Here is one of the hacker’s entries from February 23rd:

77.247.181.165 www.skepticalscience.com - [23/Feb/2012:04:52:05 +1100] "GET /comments.php HTTP/1.1" 200 22031 "https://skepticalscience.com/" "Mozilla/5.0 (Windows NT 6.1; rv:5.0) Gecko/20100101 Firefox/5.0" "PHPSESSID=ab1a5faa88ac1878784dcfa719dca226; __utma=198451757.12232104.1329923284.1329923284.1329923284.1; __utmb=198451757.52.10.1329923284; __utmc=198451757; __utmz=198451757.1329923284.1.1.utmcsr=(direct)|utmccn=(direct)|utmcmd=(none); expanded_dir_list=%3A%3Ahome%3A7-web%3A74%3A95%3Askepticalscience.com%3Apublic%3Awww%3A%3Apics; fm_root_atual=%2Fhome%2F7-web%2F74%2F95%2Fskepticalscience.com%2Fpublic%2Fwww%2F%2F; loggedon=d41d8cd98f00b204e9800998ecf8427e; order_dir_list_by=6D; UserId=6318" 882 22405 urchindyn www.skepticalscience.com

Here’s that same entry, but after I’ve highlighted some key elements to make them easier for the untrained eye to find:

77.247.181.165 www.skepticalscience.com - [23/Feb/2012:04:52:05 +1100] "GET /comments.php HTTP/1.1" 200 22031 "https://skepticalscience.com/" "Mozilla/5.0 (Windows NT 6.1; rv:5.0) Gecko/20100101 Firefox/5.0" "PHPSESSID=ab1a5faa88ac1878784dcfa719dca226; __utma=198451757.12232104.1329923284.1329923284.1329923284.1; __utmb=198451757.52.10.1329923284; __utmc=198451757; __utmz=198451757.1329923284.1.1.utmcsr=(direct)|utmccn=(direct)|utmcmd=(none); expanded_dir_list=%3A%3Ahome%3A7-web%3A74%3A95%3Askepticalscience.com%3Apublic%3Awww%3A%3Apics; fm_root_atual=%2Fhome%2F7-web%2F74%2F95%2Fskepticalscience.com%2Fpublic%2Fwww%2F%2F; loggedon=d41d8cd98f00b204e9800998ecf8427e; order_dir_list_by=6D; UserId=6318" 882 22405 urchindyn www.skepticalscience.com

From this entry we can see that the hacker’s IP address (at least at that moment) was 77.247.181.165.  The time was 4:52 AM, AEDT, on February 23rd (the server resided in Sydney, Australia, at the time, so all times are AEDT).  The web page he was hitting was comments.php, which is the Skeptical Science page that lists the most recently added comments.  It’s available in the menubar at the top of every page, labeled as “Recent Comments”.  He successfully accessed the page, as demonstrated by the 200 status code, and the size of the resulting page that he was actually served was 22,031 bytes.  His browser is being reported as Firefox, version 5.0, for Windows.  I say “reported” because it is up to the browser to supply this information to the server, and as such it can be spoofed.  In fact, that’s exactly what the Tor browser does; it reports a common “user agent” (which is what this piece of data is called) rather than identifying itself as the Tor browser.
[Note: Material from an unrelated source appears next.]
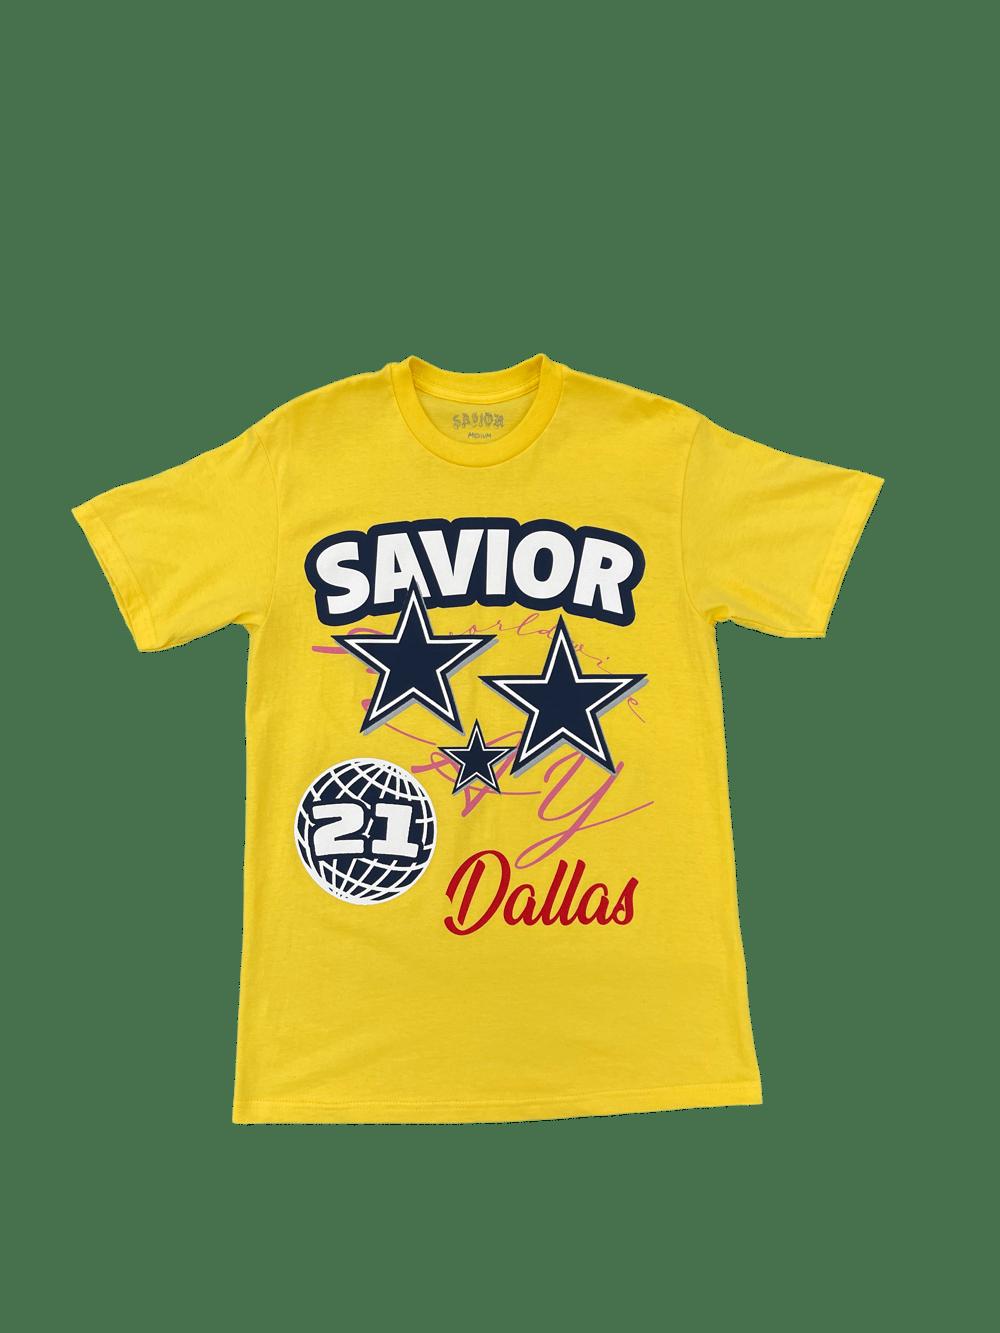 Image of Savior Worldwide Dallas Cowboy 21'

...it is up to the browser to supply this information to the server, and as such it can be spoofed.

After the user agent comes a complex list of the visitor’s cookies.  Beyond his IP address, within the cookies there are two very important identifying pieces of information, which may or may not be present in an entry.  His session ID was ab1a5faa88ac1878784dcfa719dca226.  This is a unique, randomly picked identification ID for every user’s visit to the site.  It’s what lets a website tie all of your activity together, such as the fact that you’ve logged in and who you are.  It automatically expires after 30 minutes of inactivity, to be replaced by a new ID, should you return.
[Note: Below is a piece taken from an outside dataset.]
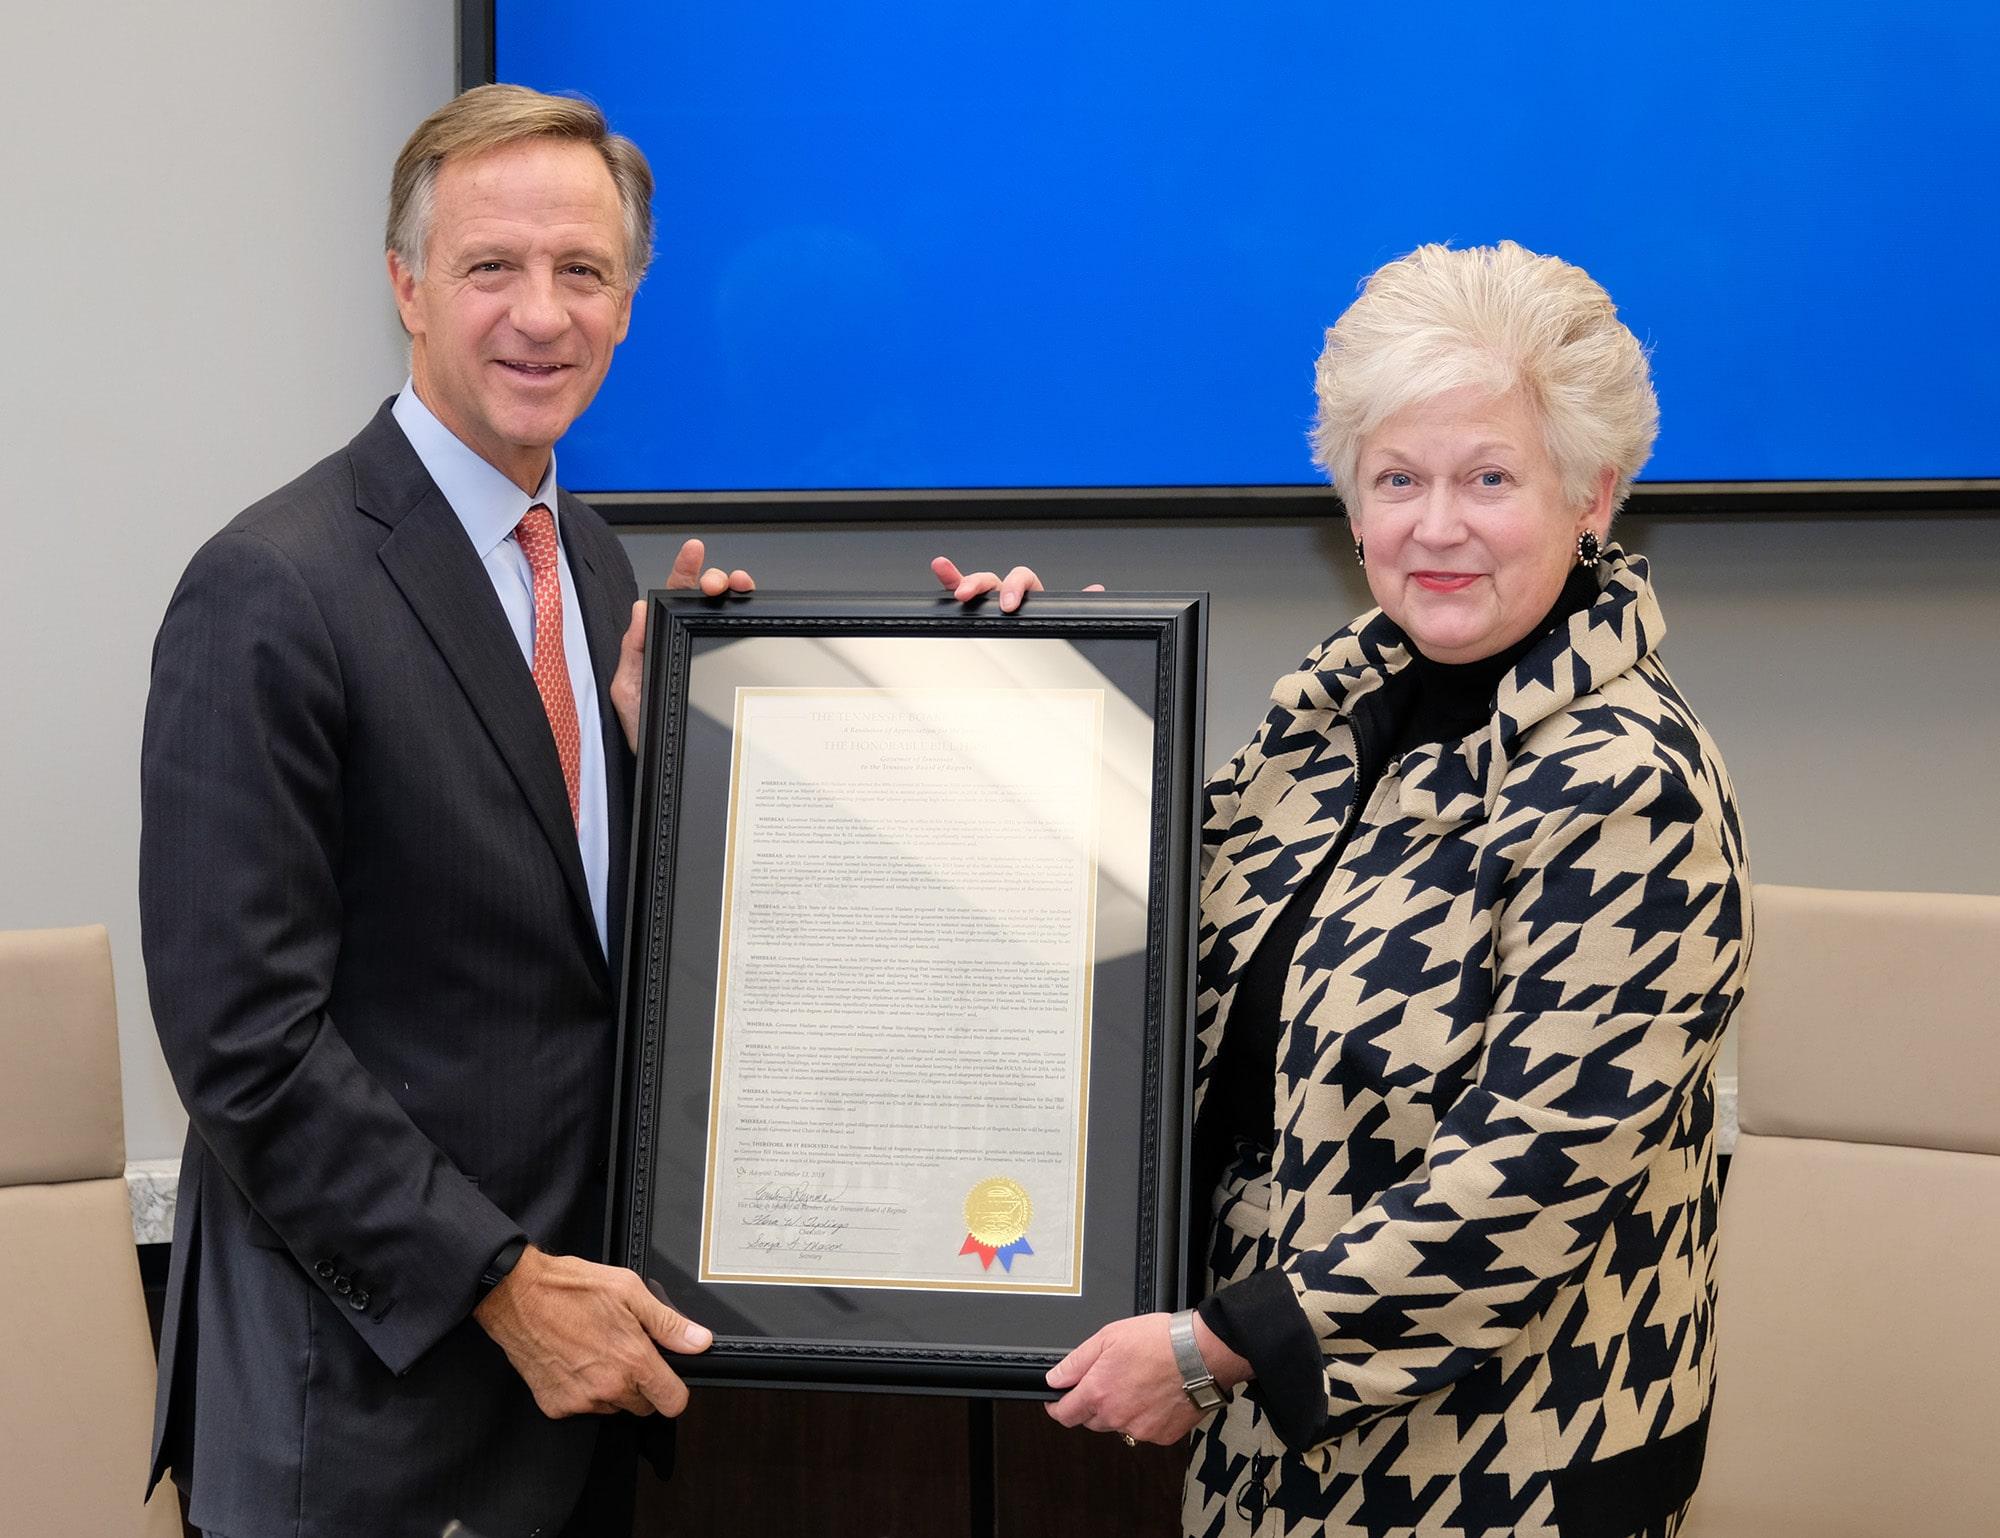 Board of Regents honors Gov. Bill Haslam, hears update on new Warranty program, approves new technical programs

His user ID, as you can see, was 6318.  That’s “francois,” but the Skeptical Science programs don’t use the user’s actual ID behind the scenes, in the programs and in most database tables.  A number associated with each ID is used instead.  The ID number associated with the hacker’s francois user name was 6318.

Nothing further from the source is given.